A Baby Doctor Writes...
Created | Updated Mar 27, 2003
Monday morning is a teaching session with Dr Darth Vadar, Prince of Darkness MBBS FRCP, clad in our cleanest white coats our group of six assemble on the ward, with a feeling of dread at the coming humiliation. After ten minutes of waiting the girls are wondering if the new junior Doctor is married.
He arrives with a deathly swish, twenty-five minutes late, and ushers us around to stand around a bed. The elderly patient looks slightly bemused when we all attempt to stand as far away from Dr Vadar as possible, avoiding eye contact, praying that he will pick another person.
'You,' he points, 'what's your name again?, this is Mrs Jones she was brought into hospital yesterday with shortness of breath, can you examine her and tell me why?'
The condemned man steps forward, the rest of us breath a sigh of relief that today, it is not us. Nervously he begins to examine Mrs Jones, after a couple of seconds The Prince of Darkness pounces and demands, in a voice cooler than liquid nitrogen
'You, what on earth are you doing?' the student freezes, 'You listen to the apex over the fifth intercostal space, not the fourth'
The student continues to listen to the chest of the bemused patient, who seems to be feeling more intimidated than the student, if it were to be possible. Once he has finished he mutters a quick description of what he thinks he's heard, desperate to escape the attentions of the consultant whilst still alive. Alas he is not so lucky, a barrage of questions follows, he managed to garble answers, too nervous to think things out logically.

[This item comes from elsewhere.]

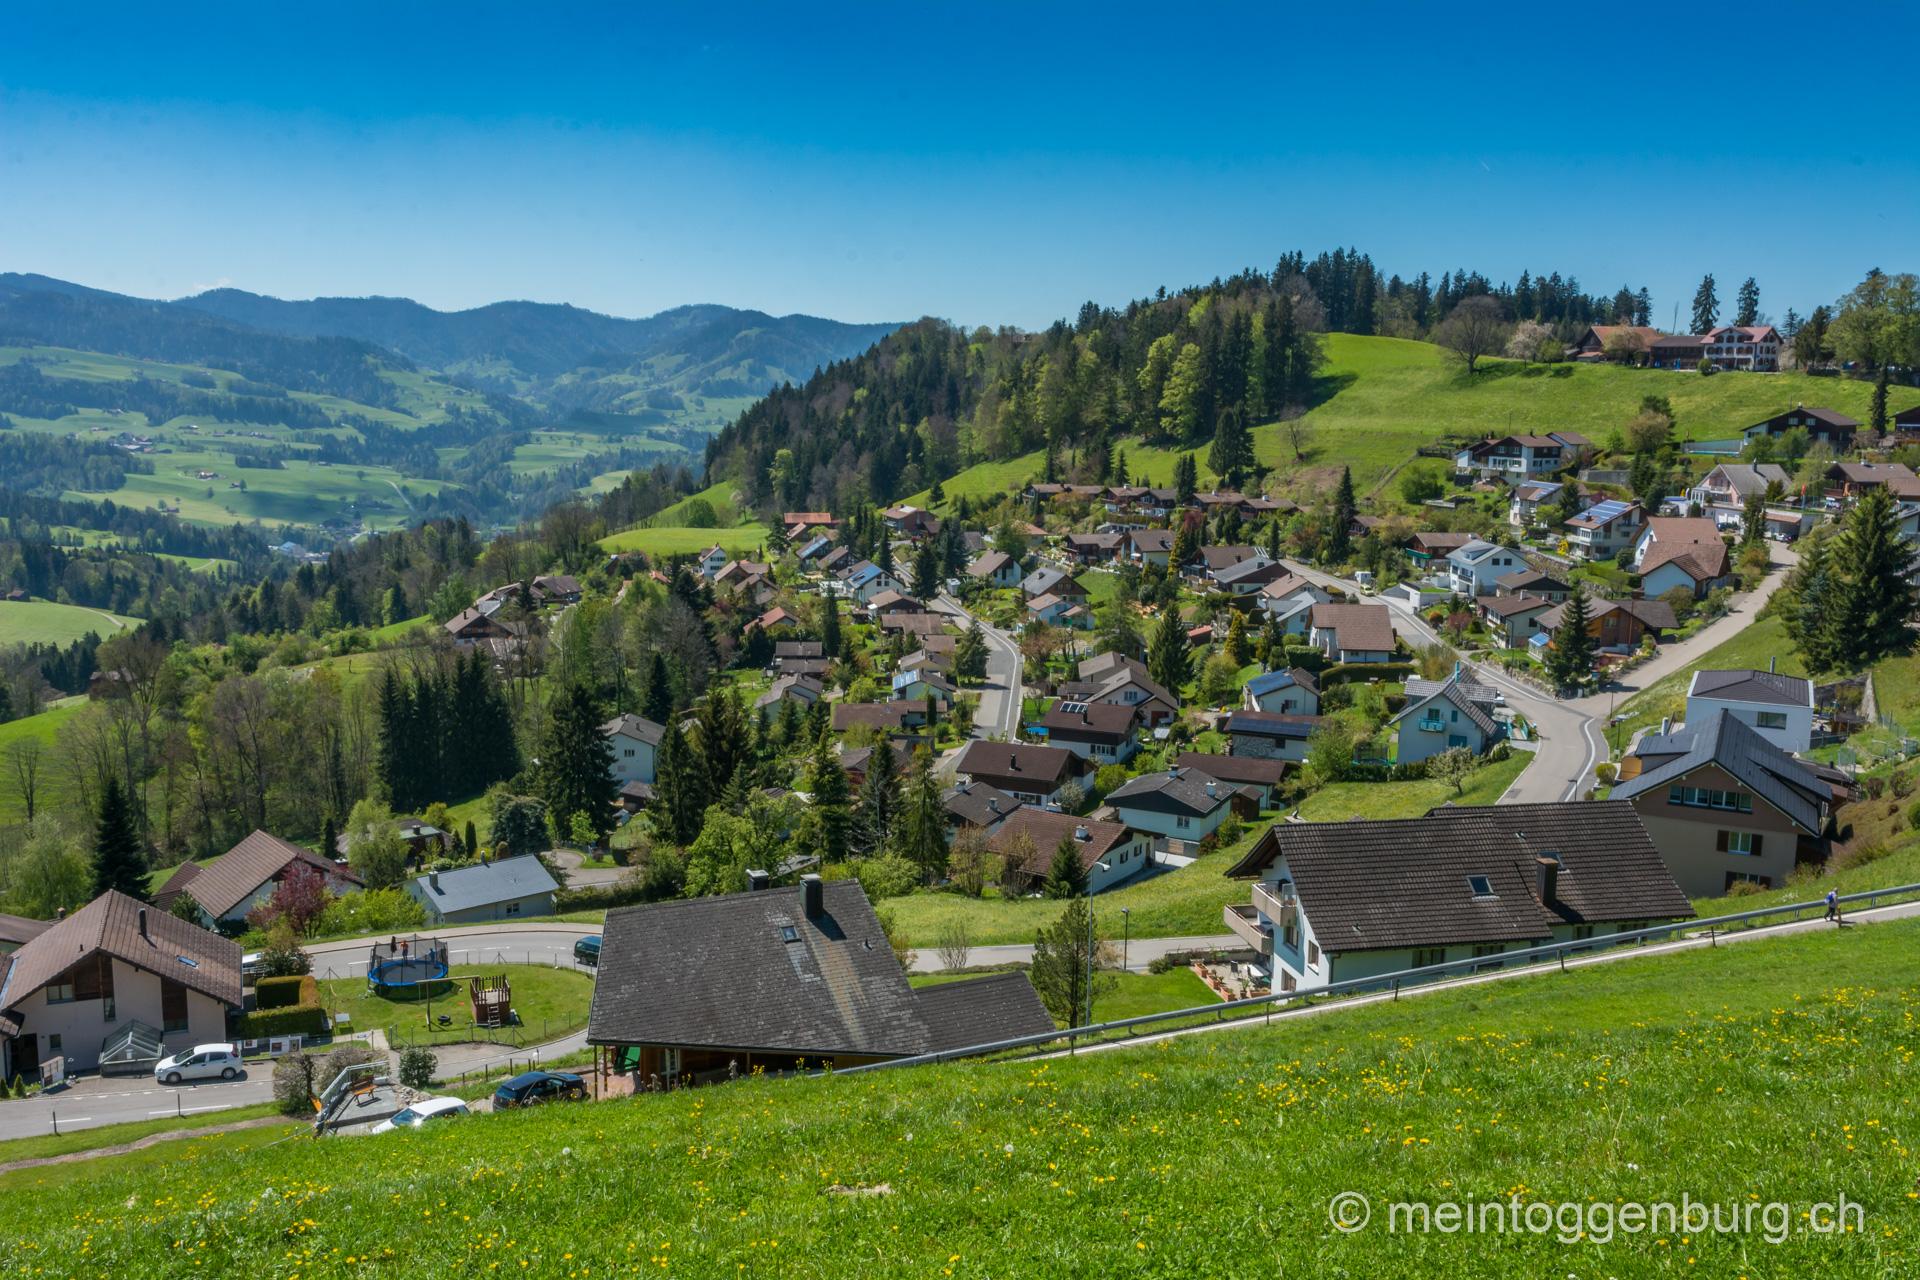 Kneippweg Oberhelfenschwil

The medical school would like to pretend that people like Dr Vadar don't exist anymore, that they are a remnant of the old days, disappearing along with dissection 1. They haven't realised that not everyone noticed their memo telling people not to teach by humiliation.
But I can't help thinking - and this is an extremely unfashionable thing to think - that a lot can be said for the old methods. There are worse teachers than those who embarrass you a little, there are those that cancel an afternoon teaching session with five minutes notice, those that talk in a way that makes no sense at all about things that we're not expected to understand yet. And whilst we're all supposed to learn for the love of learning, the fact that I know I'm going to be asked about Infective endocarditis made me spend a few hours in the library instead of my bed. A lot can be said for negative motivation.